§ Work required: Your task is to return exactly the lines that run from the one containing "Nude 3gp Sex" through the end of the listing below, without any pictures.

§ The data:
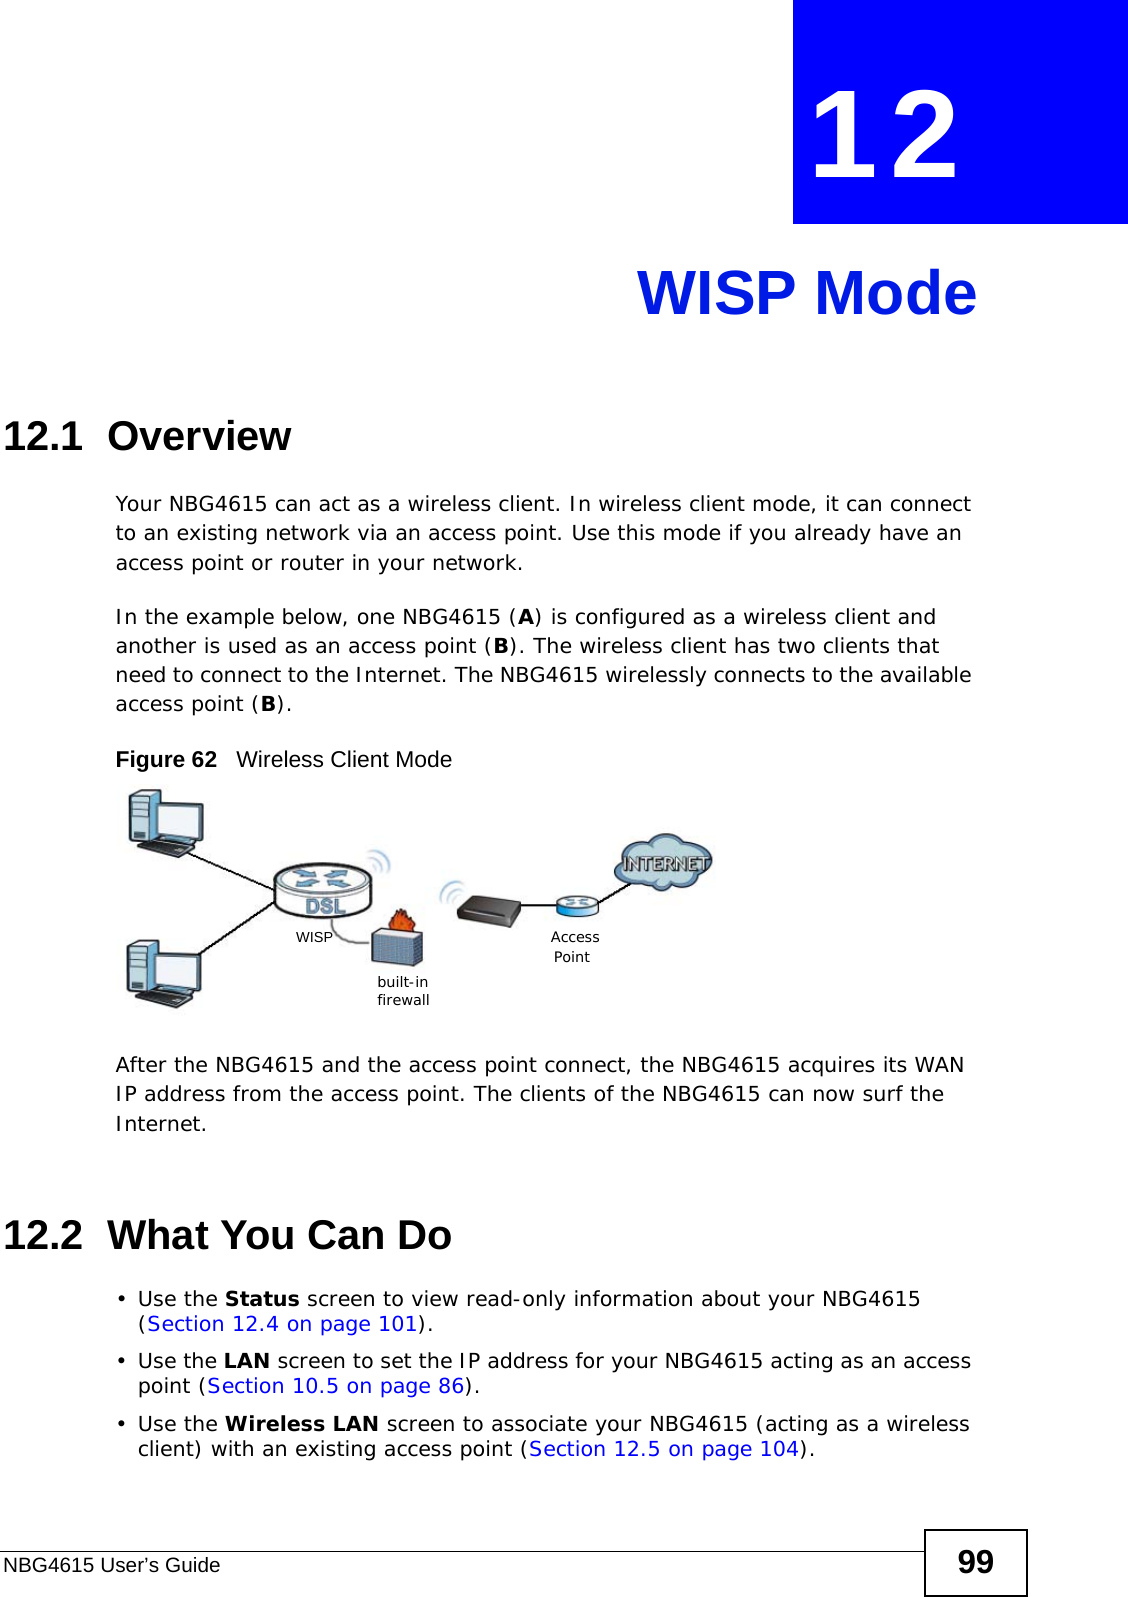 NBG4615 User’s Guide 99CHAPTER  12 WISP Mode12.1  OverviewYour NBG4615 can act as a wireless client. In wireless client mode, it can connect to an existing network via an access point. Use this mode if you already have an access point or router in your network.In the example below, one NBG4615 (A) is configured as a wireless client and another is used as an access point (B). The wireless client has two clients that need to connect to the Internet. The NBG4615 wirelessly connects to the available access point (B). Figure 62   Wireless Client ModeAfter the NBG4615 and the access point connect, the NBG4615 acquires its WAN IP address from the access point. The clients of the NBG4615 can now surf the Internet. 12.2  What You Can Do•Use the Status screen to view read-only information about your NBG4615 (Section 12.4 on page 101).•Use the LAN screen to set the IP address for your NBG4615 acting as an access point (Section 10.5 on page 86).•Use the Wireless LAN screen to associate your NBG4615 (acting as a wireless client) with an existing access point (Section 12.5 on page 104).built-infirewallAccessPointWISP
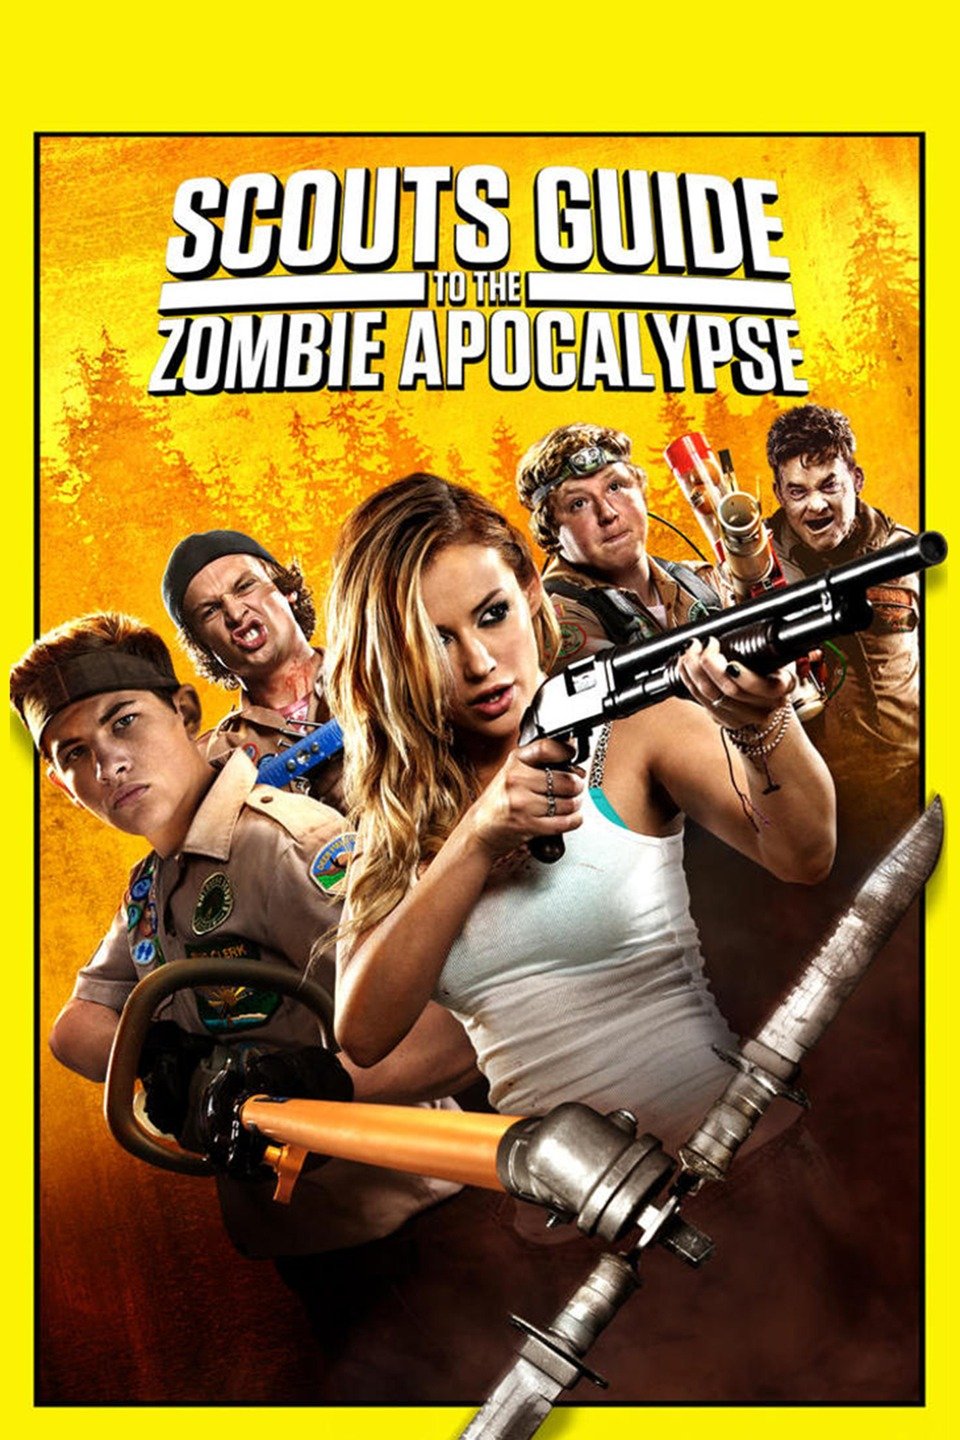 Nude 3gp Sex Video - Scouts Guide to the Zombie Apocalypse - Rotten Tomatoes
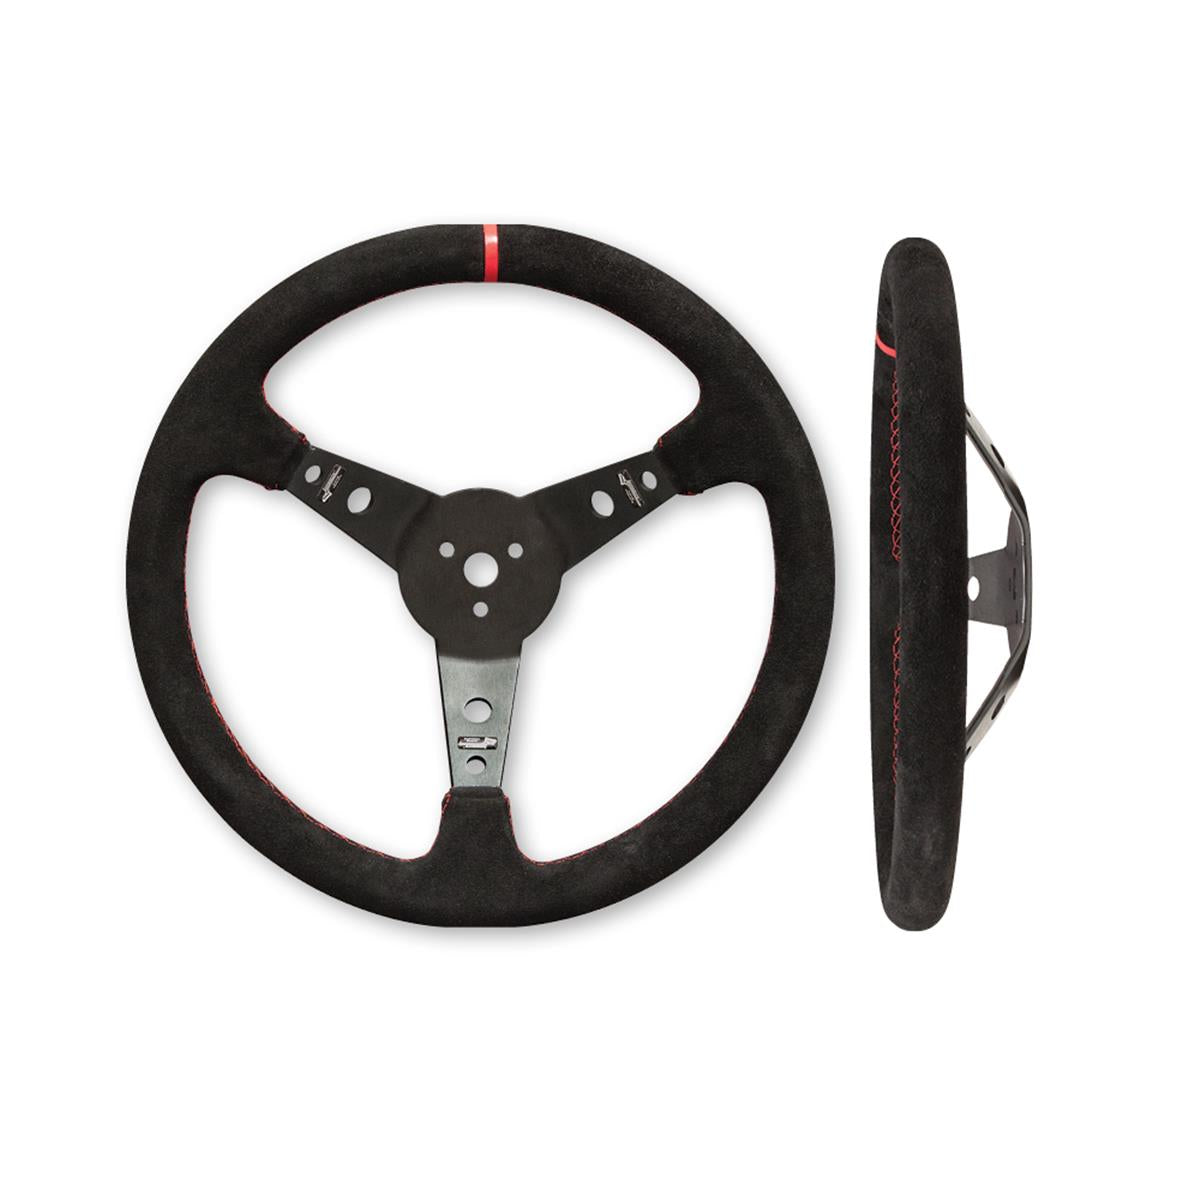 Longacre 15" Aluminum Dished Racing Wheel, Suede Wrapped - Black
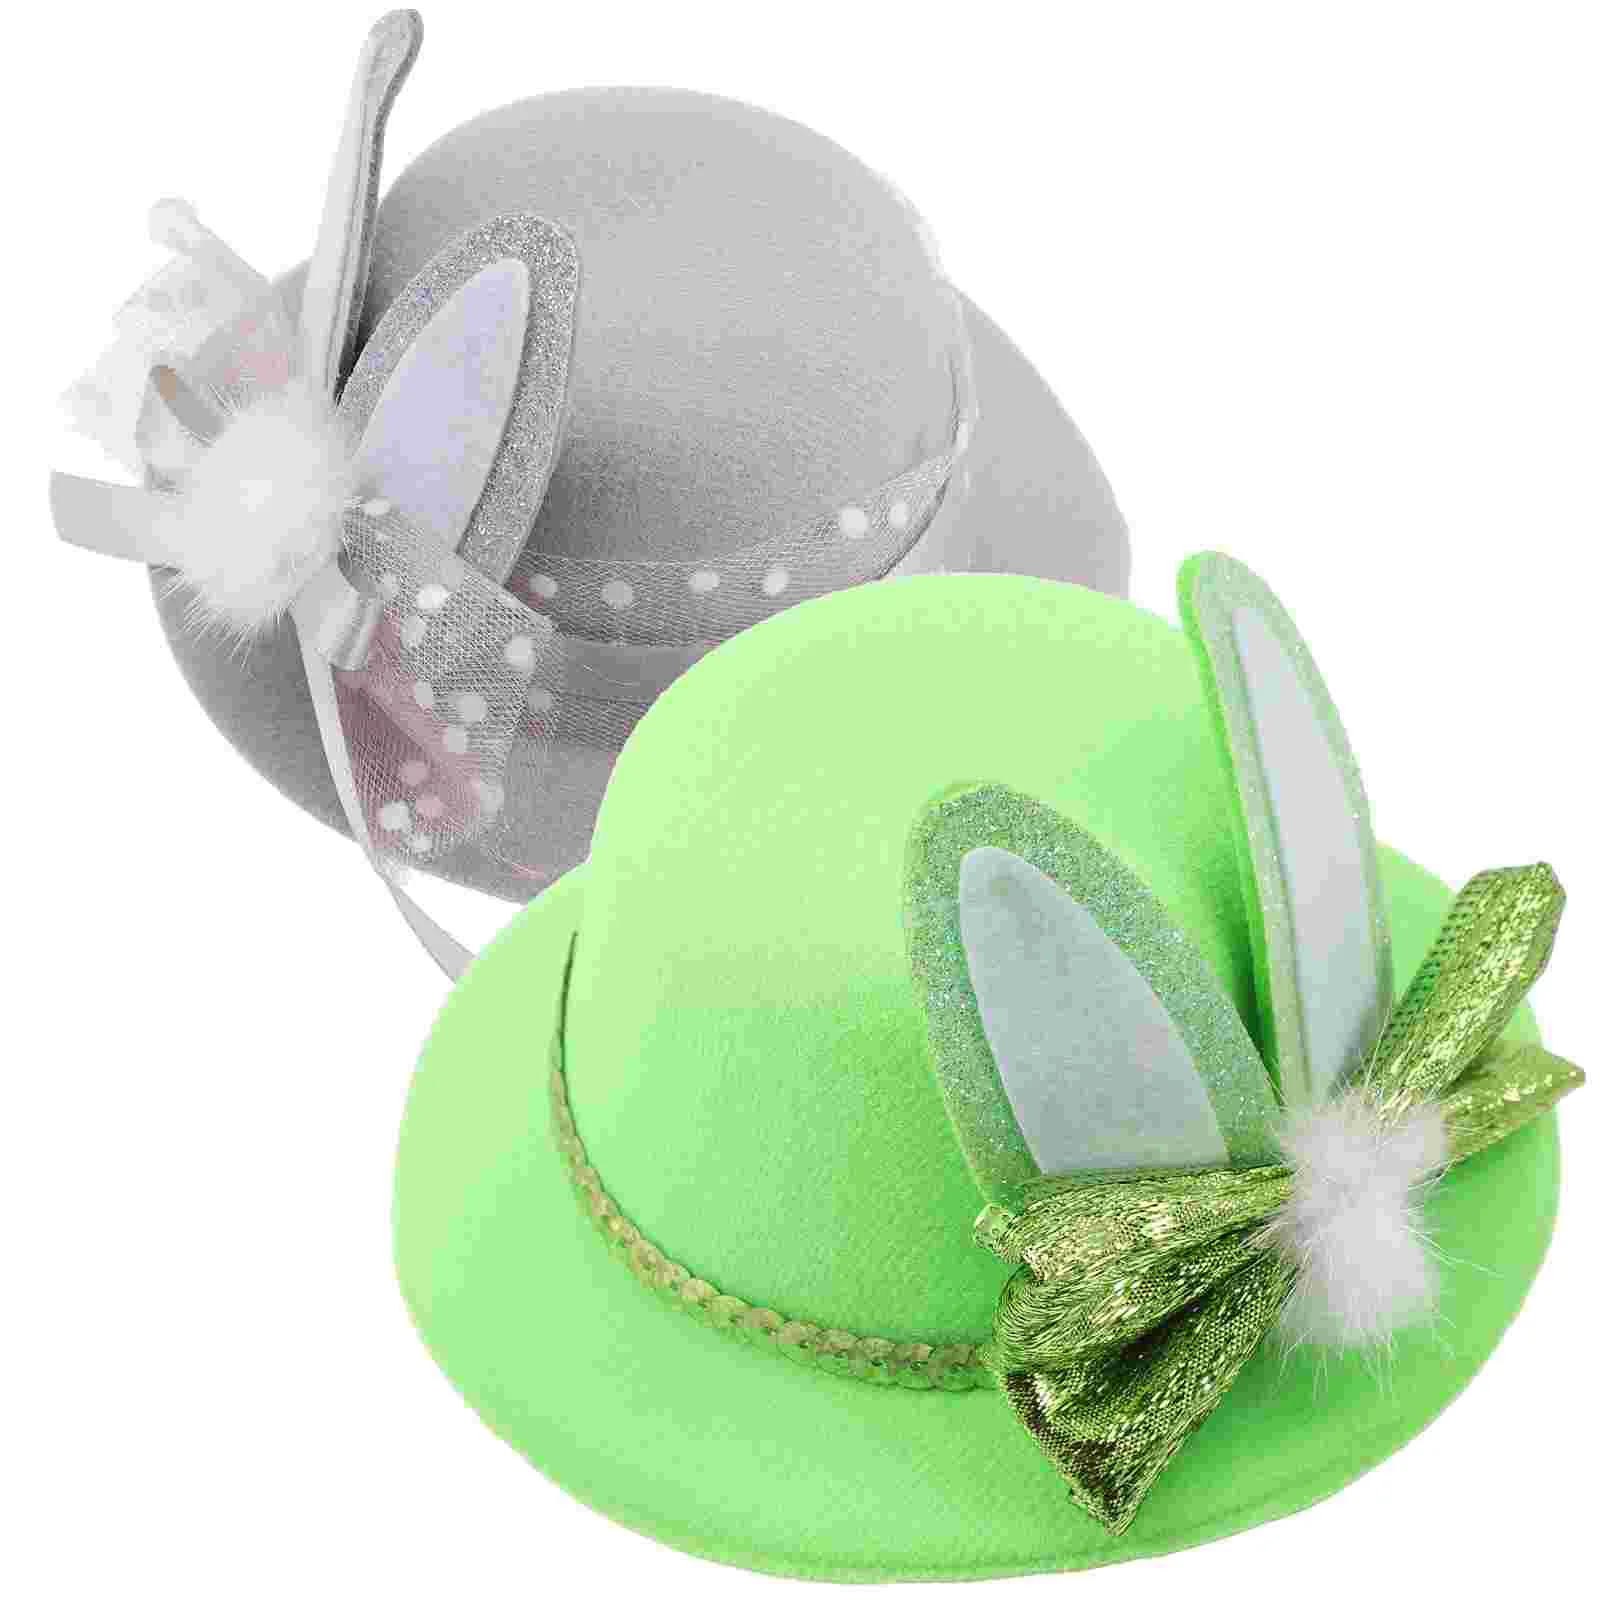 

Hat Easter Hair Bunny Rabbit Costume Barrettes Headdress Accessories Party Clip Ears Clips Shaped Rabbits Animal Topper

§ Answer below:
 Nude 3gp Sex Video - Scouts Guide to the Zombie Apocalypse - Rotten Tomatoes
 Longacre 15" Aluminum Dished Racing Wheel, Suede Wrapped - Black

Hat Easter Hair Bunny Rabbit Costume Barrettes Headdress Accessories Party Clip Ears Clips Shaped Rabbits Animal Topper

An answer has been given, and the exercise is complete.